Chong Pearlie P, Avery Robin K
Division of Infectious Diseases, Department of Medicine, University of Texas Southwestern Medical Center, Dallas, Texas.
Division of Infectious Diseases, Department of Medicine, Johns Hopkins University, Baltimore, Maryland.
Clin Ther. 2017 Aug;39(8):1581-1598. doi: 10.1016/j.clinthera.2017.07.005. Epub 2017 Jul 24.
Vaccine-preventable diseases, especially influenza, varicella, herpes zoster, and invasive pneumococcal infections, continue to lead to significant morbidity and mortality in solid organ transplant (SOT) and hematopoietic stem cell transplant (HSCT) recipients.
We highlight guideline recommendations for the use of key vaccines in SOT and HSCT recipients and to review the latest evidence and developments in the field.

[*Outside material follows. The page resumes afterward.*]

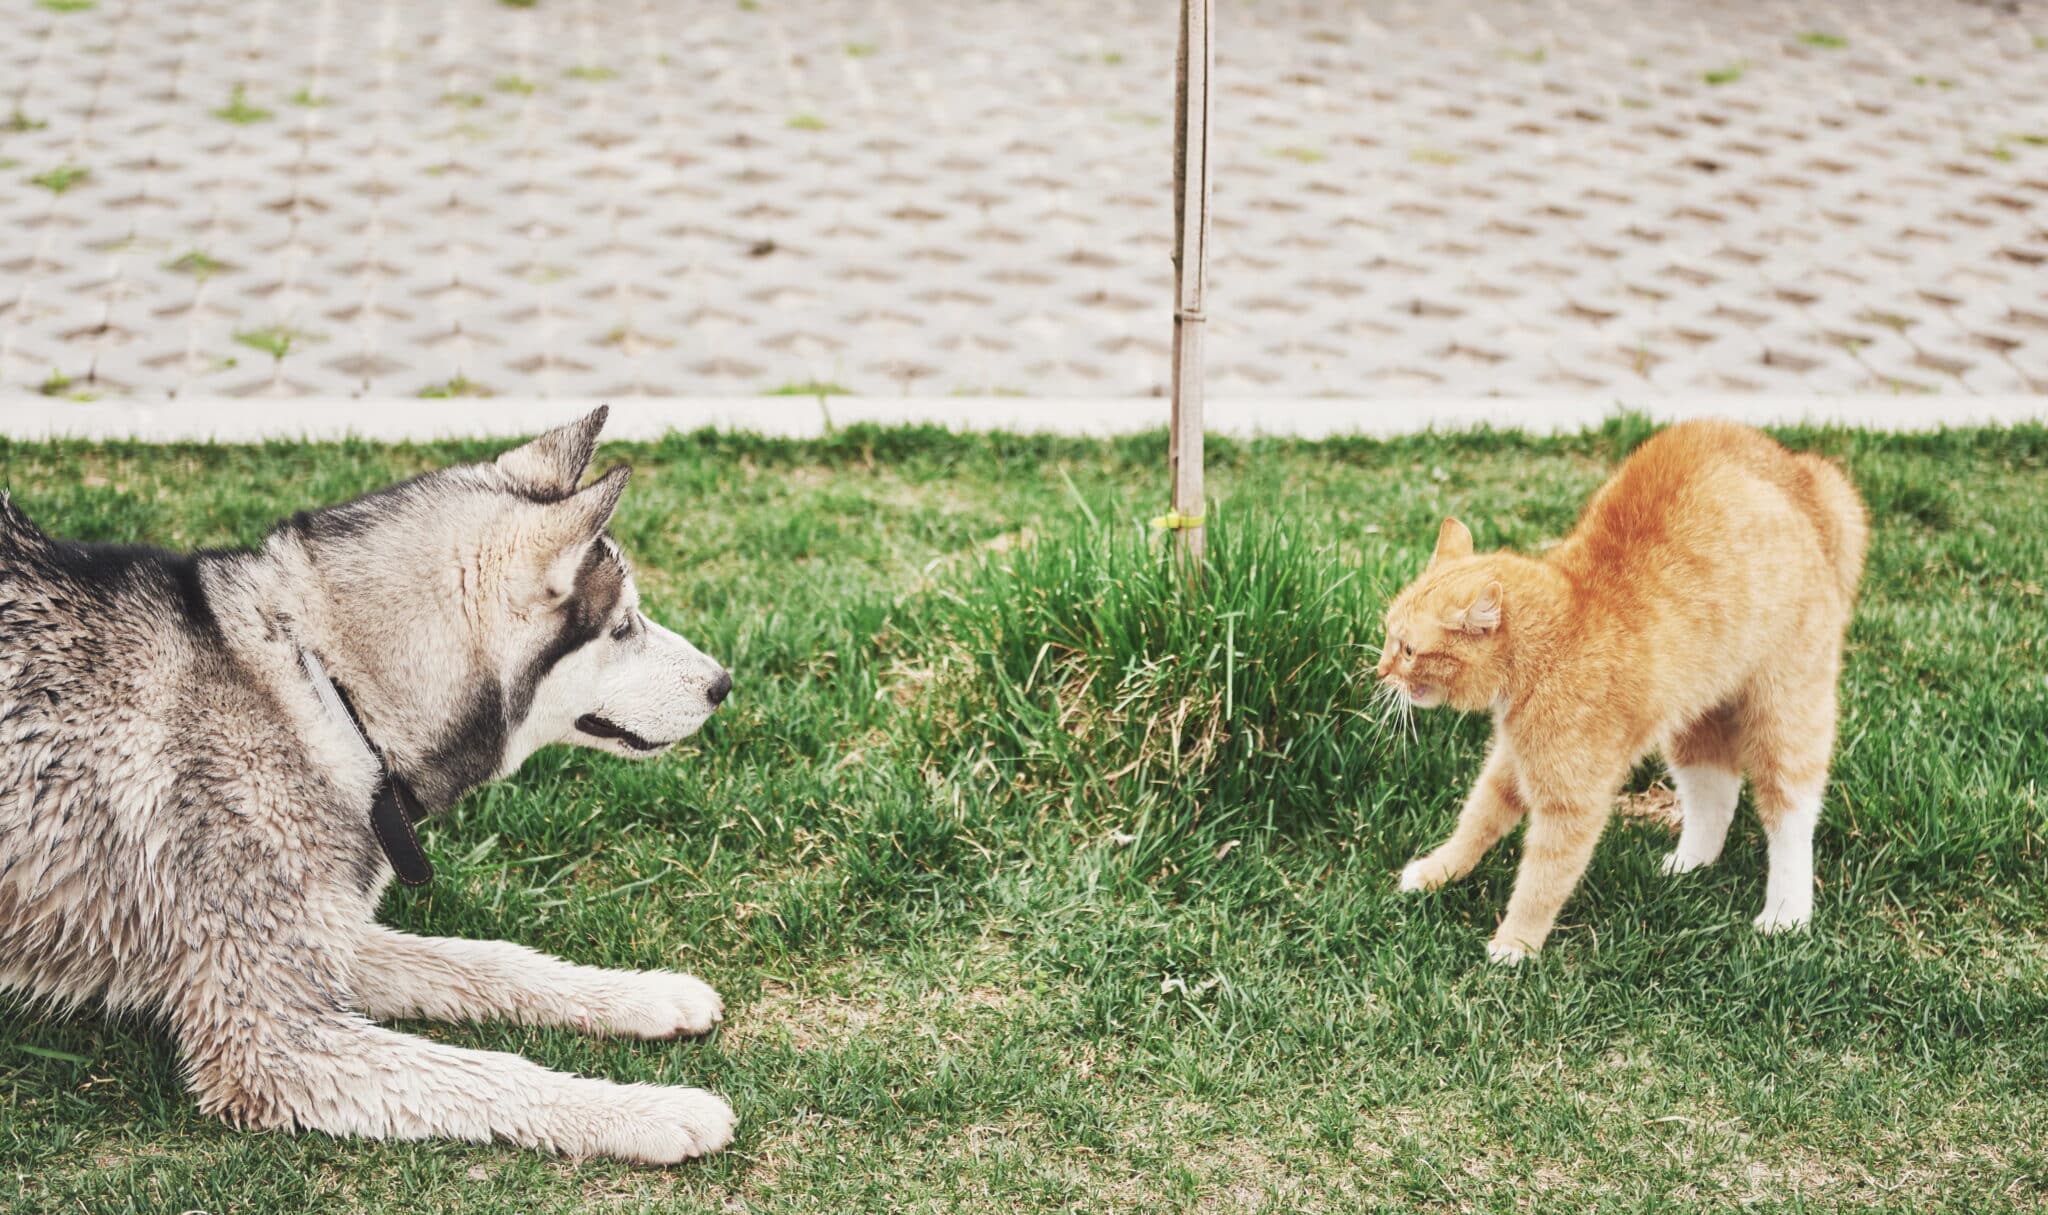 La convivenza tra cane e gatto
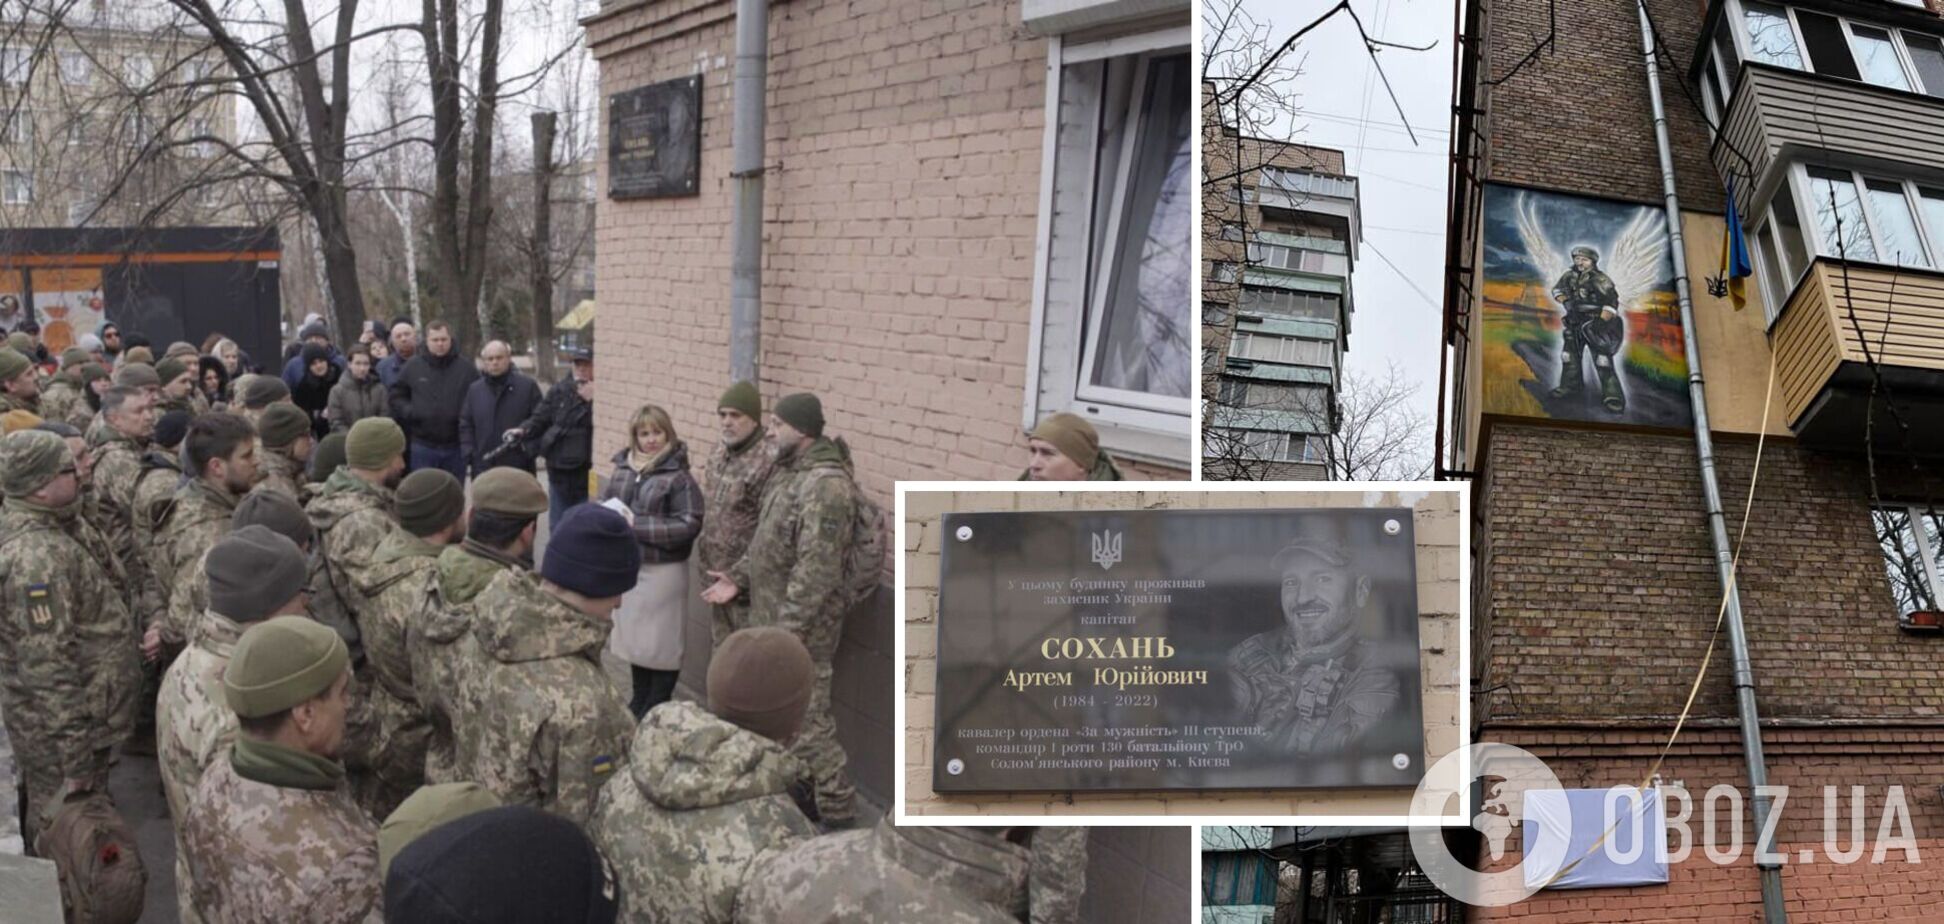 Защитник Украины жил в доме, где создали мурал

Physicians should vaccinate individuals with end-stage organ disease, as vaccine seroresponse rates are higher pretransplantation. Most live attenuated vaccines continue to be contraindicated post-transplantation, but there are emerging safety profile and efficacy data to support the use of specific live attenuated vaccines, such as measles, mumps, and rubella in pediatric liver or kidney transplant recipients who are on low-level maintenance immunosuppression and without recent history of allograft rejection. An inactivated subunit varicella zoster virus vaccine is currently awaiting US Food and Drug Administration approval. While we await the safety profile and efficacy data of this subunit vaccine in transplant recipients, it will likely benefit immunocompromised individuals, including transplant recipients, because the live attenuated herpes zoster vaccine is currently contraindicated in transplant recipients and transplantation candidates receiving immunosuppression.
There is currently no evidence that vaccines lead to allograft rejection in SOT recipients. Household contacts of SOT and HSCT recipients should be vaccinated per the Advisory Committee on Immunization Practices schedule and recommendations.
Immunizations remain underutilized in transplantation patients. Although efficacy of vaccines in SOT and HSCT may be suboptimal, partial protection is preferred over no protection.
疫苗可预防疾病,尤其是流感、水痘、带状疱疹和侵袭性肺炎球菌感染,在实体器官移植(SOT)和造血干细胞移植(HSCT)受者中仍导致显著的发病率和死亡率。
我们重点介绍SOT和HSCT受者使用关键疫苗的指南建议,并回顾该领域的最新证据和进展。
医生应为患有终末期器官疾病的个体接种疫苗,因为移植前疫苗血清反应率更高。大多数减毒活疫苗在移植后仍属禁忌,但有新出现的安全性和有效性数据支持在低水平维持免疫抑制且近期无移植排斥史的儿科肝或肾移植受者中使用特定的减毒活疫苗,如麻疹、腮腺炎和风疹疫苗。一种灭活亚单位水痘带状疱疹病毒疫苗目前正在等待美国食品药品监督管理局的批准。在等待该亚单位疫苗在移植受者中的安全性和有效性数据期间,它可能会使免疫功能低下的个体(包括移植受者)受益,因为目前移植受者和接受免疫抑制的移植候选者禁忌使用减毒活带状疱疹疫苗。
目前没有证据表明疫苗会导致SOT受者发生移植排斥。SOT和HSCT受者的家庭接触者应按照免疫实践咨询委员会的时间表和建议进行接种。
移植患者的免疫接种仍未得到充分利用。虽然疫苗在SOT和HSCT中的疗效可能不理想,但部分保护总比没有保护要好。